La culture c'est la norme, la normalisation, et le coup de force, si je puis dire...c'est que les individus en redemandent.. affraid
Trop de normalisation tue la création Normaliser vise à rendre l'individu normatif...et non nrmalisateur...en d'autres termes, si je suis trop "reglé", trop "régulé", je risque de ne pas être capable de porter de nouvelles valeurs dont la société a besoin pour s'émanciper des modèles anciens et créer ddu neuf.
la norme est contraignante mais lorsque cette contrainte permet de dynamiser le groupe social..la contrainte devient liberté.... cheers

laissons la parole à Freud...pour lui, dans cet extrait, la norme est source de souffrance, de contrainte....

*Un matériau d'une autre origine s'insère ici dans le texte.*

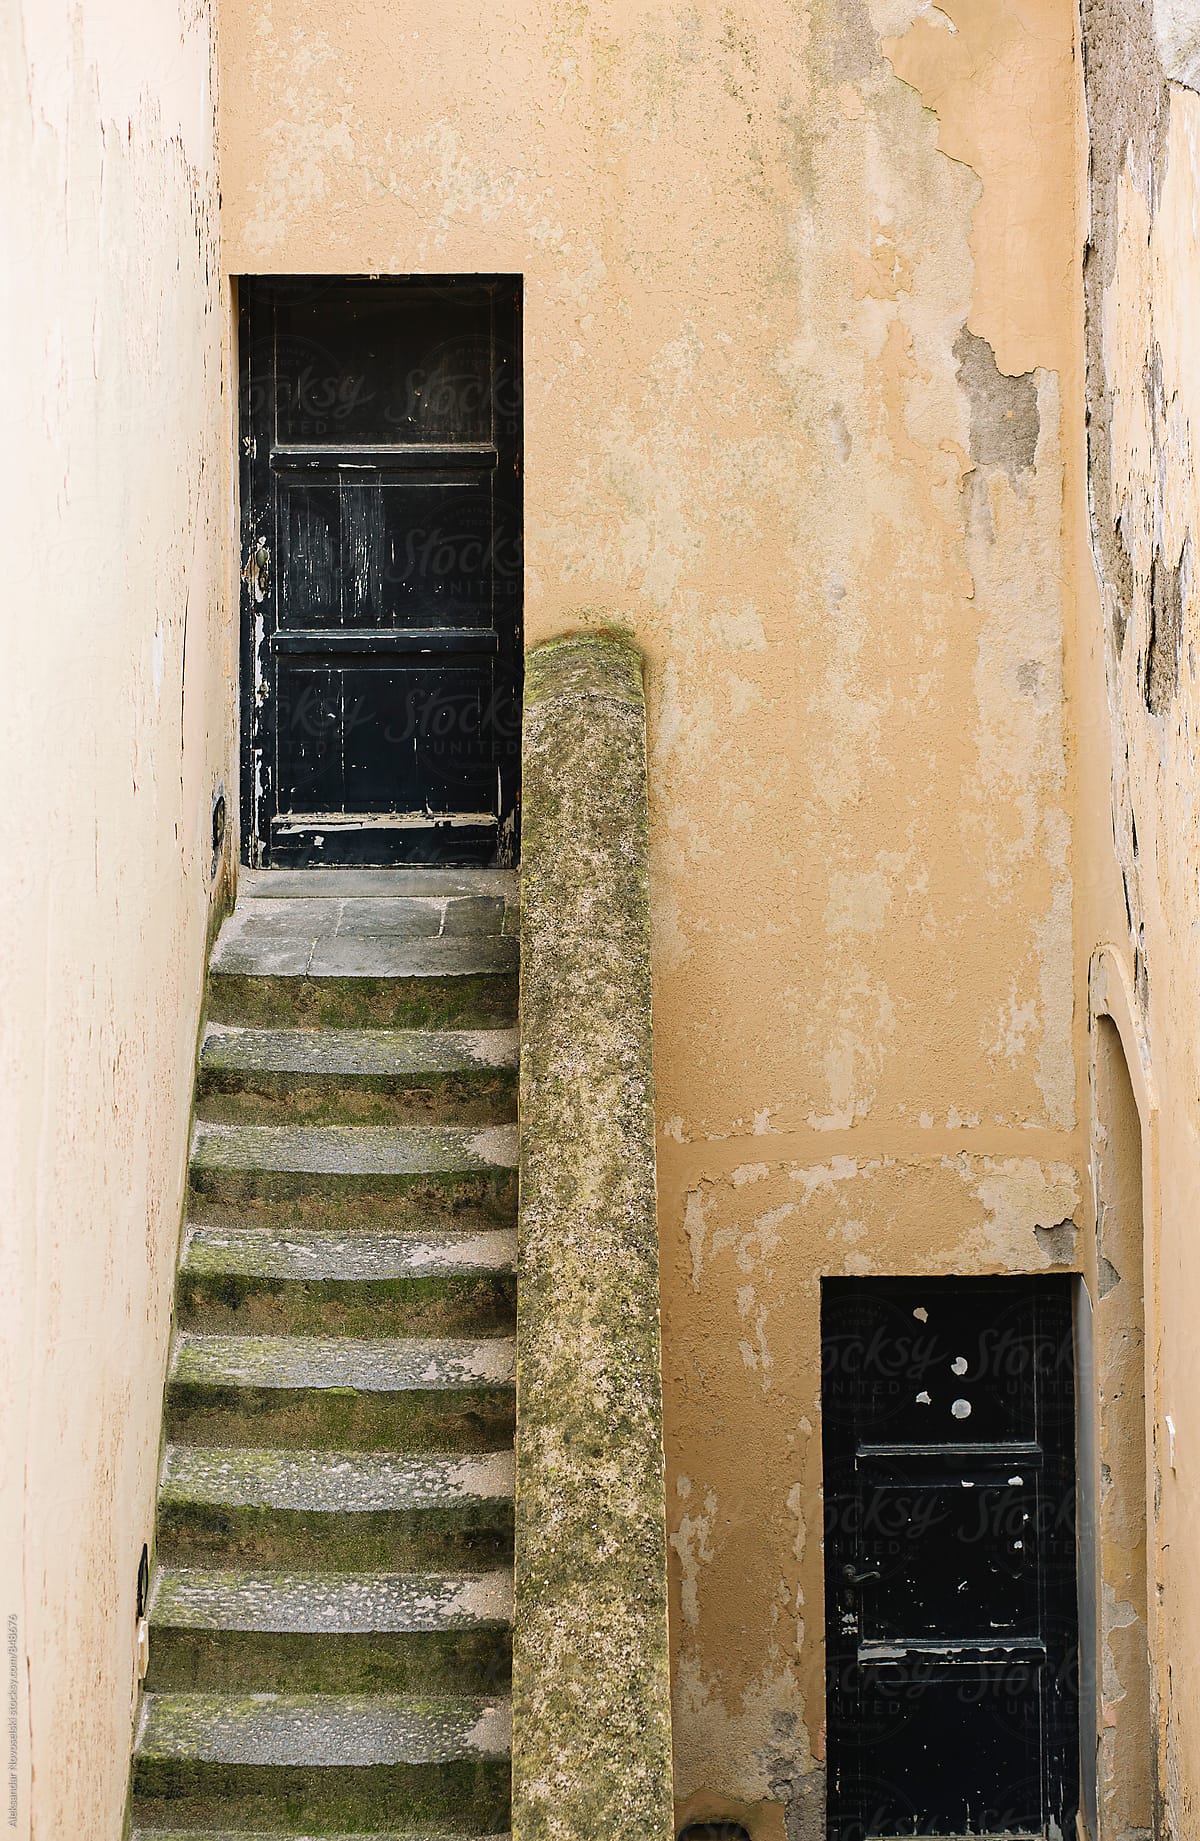 Minimalistic shot of two doors and stairs in Italy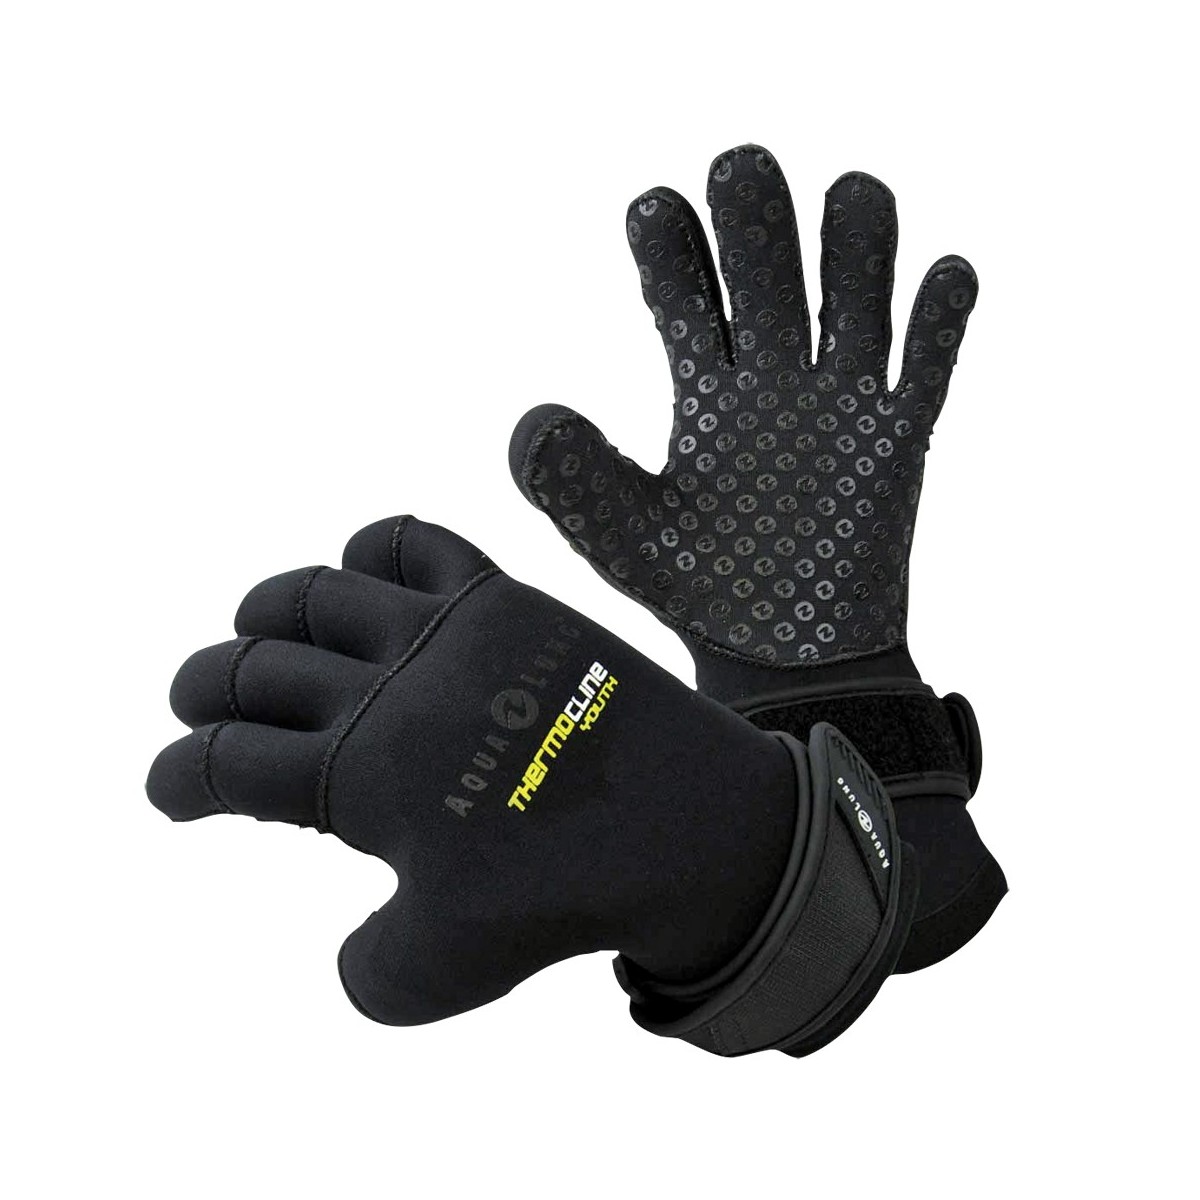 Aqua Lung 3mm Thermocline Youth Glove

On acquiert ainsi l’impression que la civilisation est quelque chose d’imposé à une majorité récalcitrante par une minorité ayant compris com­ment s’approprier les moyens de puissance et de coercition. Il semble alors facile d’admettre due ces difficultés ne sont pas inhérentes à l’essence de la civilisation elle-même, mais sont conditionnées par l’imperfection des formes de culture ayant évolué jusqu’ici. De fait, il n’est pas difficile de mettre en lumière ces défauts. Tandis que l’humanité a fait des progrès constants dans la conquête de la nature et est en droit d’en attendre de plus grands encore, elle ne peut prétendre à un progrès égal dans la régulation des affaires humaines et il est vraisemblable qu’à toutes les époques, comme aujourd’hui, bien des hommes se sont demandé si cette partie des acquisitions de la civilisation méritait vraiment d’être défendue. On pourrait croire qu’une régulation nou­velle des relations humaines serait possible, laquelle, renonçant à la contrainte et à la répression des instincts, tarirait les sources du mécontentement qu’ins­pire la civilisation, de sorte que les hommes, n’étant plus troublés par des conflits internes, pourraient s’adonner entièrement à l’acquisition des res­sources naturelles et à la jouissance de celles-ci. Ce serait l’âge d’or, mais il est douteux qu’un état pareil soit réalisable. Il semble plutôt que toute civi­lisation doive s’édifier sur la contrainte et le renoncement aux instincts; il ne paraît pas même certain qu’avec la cessation de la contrainte, la majorité des individus fût prête à se soumettre aux labeurs nécessaires à l’acquisition de nouvelles ressources vitales. Il faut, je pense, compter avec le fait que chez tout homme existent des tendances destructives, donc antisociales et anti­culturelles, et que, chez un grand nombre de personnes, ces tendances sont assez fortes pour déterminer leur comportement dans la société humaine”.